We heard that Greater Manchester is already committed to tackling the root causes of health inequalities by moving from a medical to a social model of health, which takes into account – and seeks to build into institutional policy, practice and financial flows – the environmental, working and cultural circumstances of a person, alongside (or as part of) their health condition. But whether and how central government allows the city-region to go further and enables other places to do similarly within a national health service setting remains a question of debate. Finally, the issue of integration must apply between different health providers, enabling closer working practices and facilitating exchange of information through better communication and improved technology (e.g. Bromley-by-Bow Centre or Sandwell Integrated Primary Care Mental Health and Wellbeing Service).

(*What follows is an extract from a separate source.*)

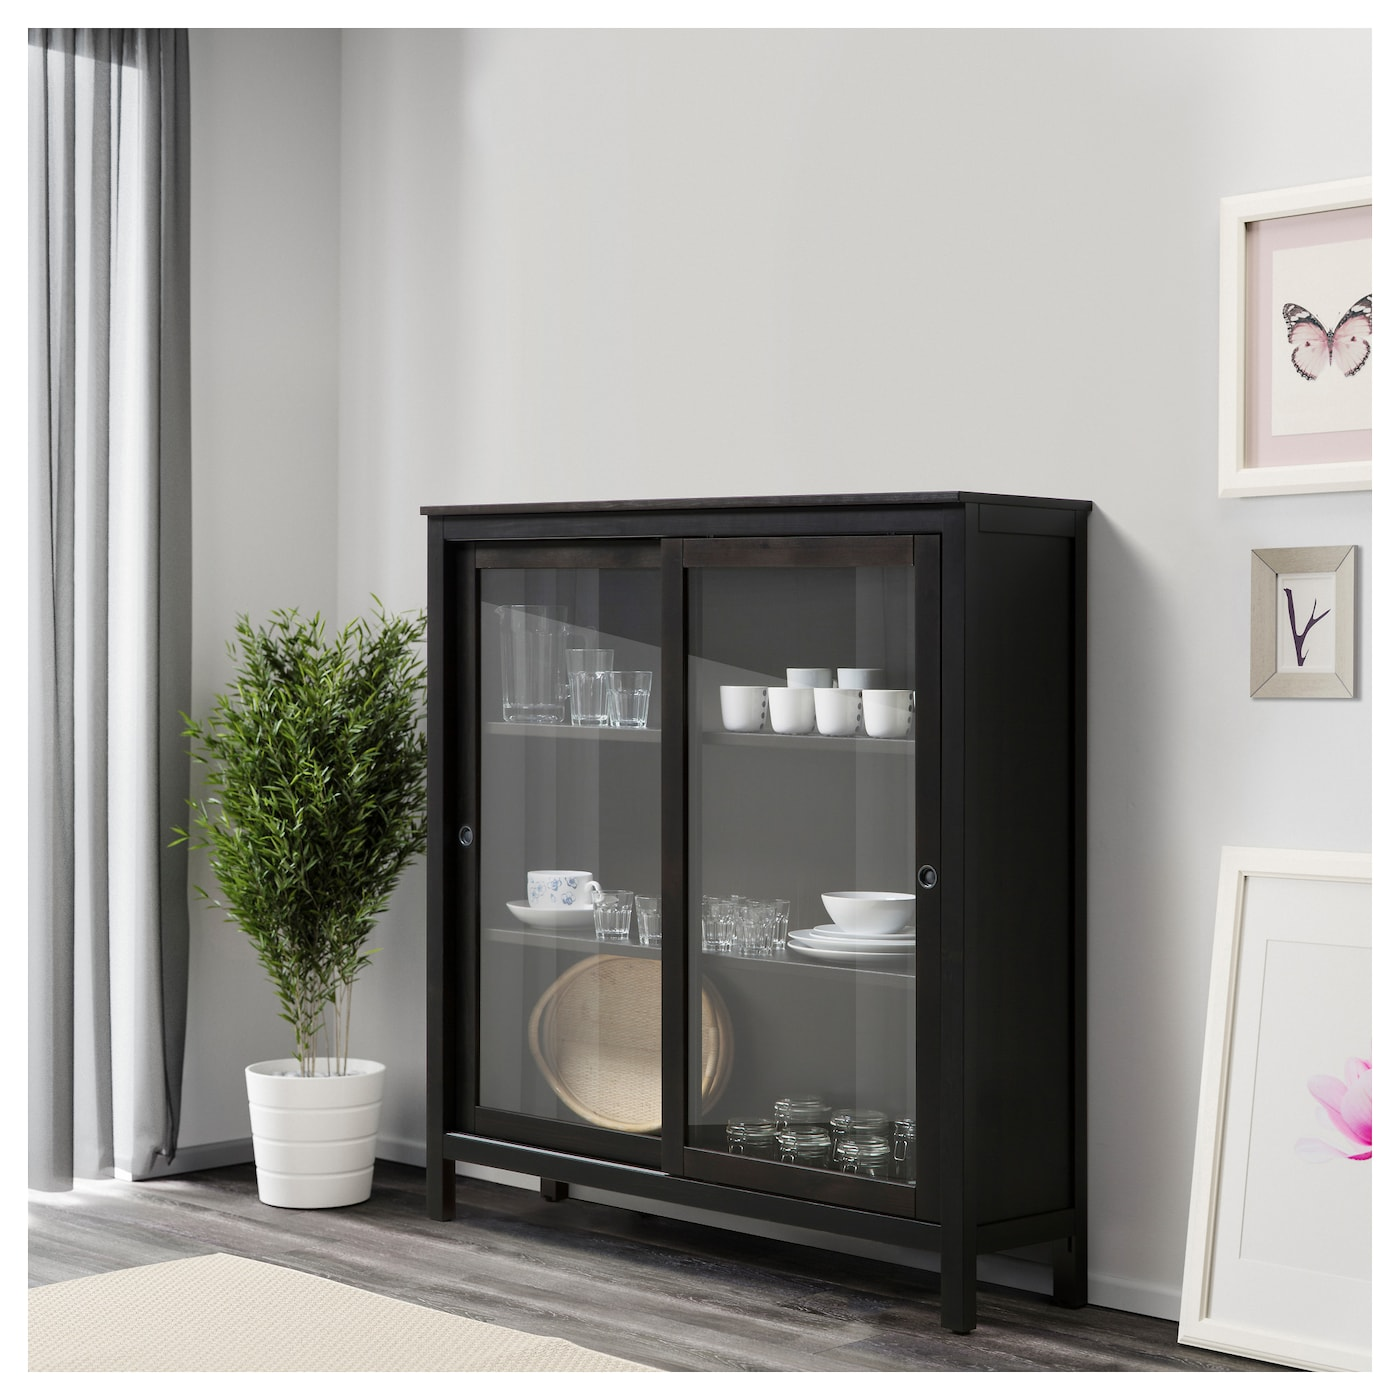 hemnes vitrine brun noir 120 x 130 cm - ikea

Speakers and participants acknowledged that a key issue is how to raise awareness about the social and economic determinants of health, which are deeply rooted in our communities. This is a tricky task on the local level where health is still mainly perceived as a responsibility of the national government and the fixing of potholes, for example, a more appropriate priority for local authorities.
Ultimately there is a steep hill to climb for local and national politicians, through the media, in communicating the risk that NHS, the crown jewel of the UK welfare state, may not survive another 70 years if the circle between a long-term strategy and sustainable funding cannot be squared. Deliberative research by CPP shows that the public do not currently grasp the scale of the problem and are expecting additional money to raise the quality of services, not just fill an abstract financial gap. The nation’s health depends on more ambitious, more fundamental change.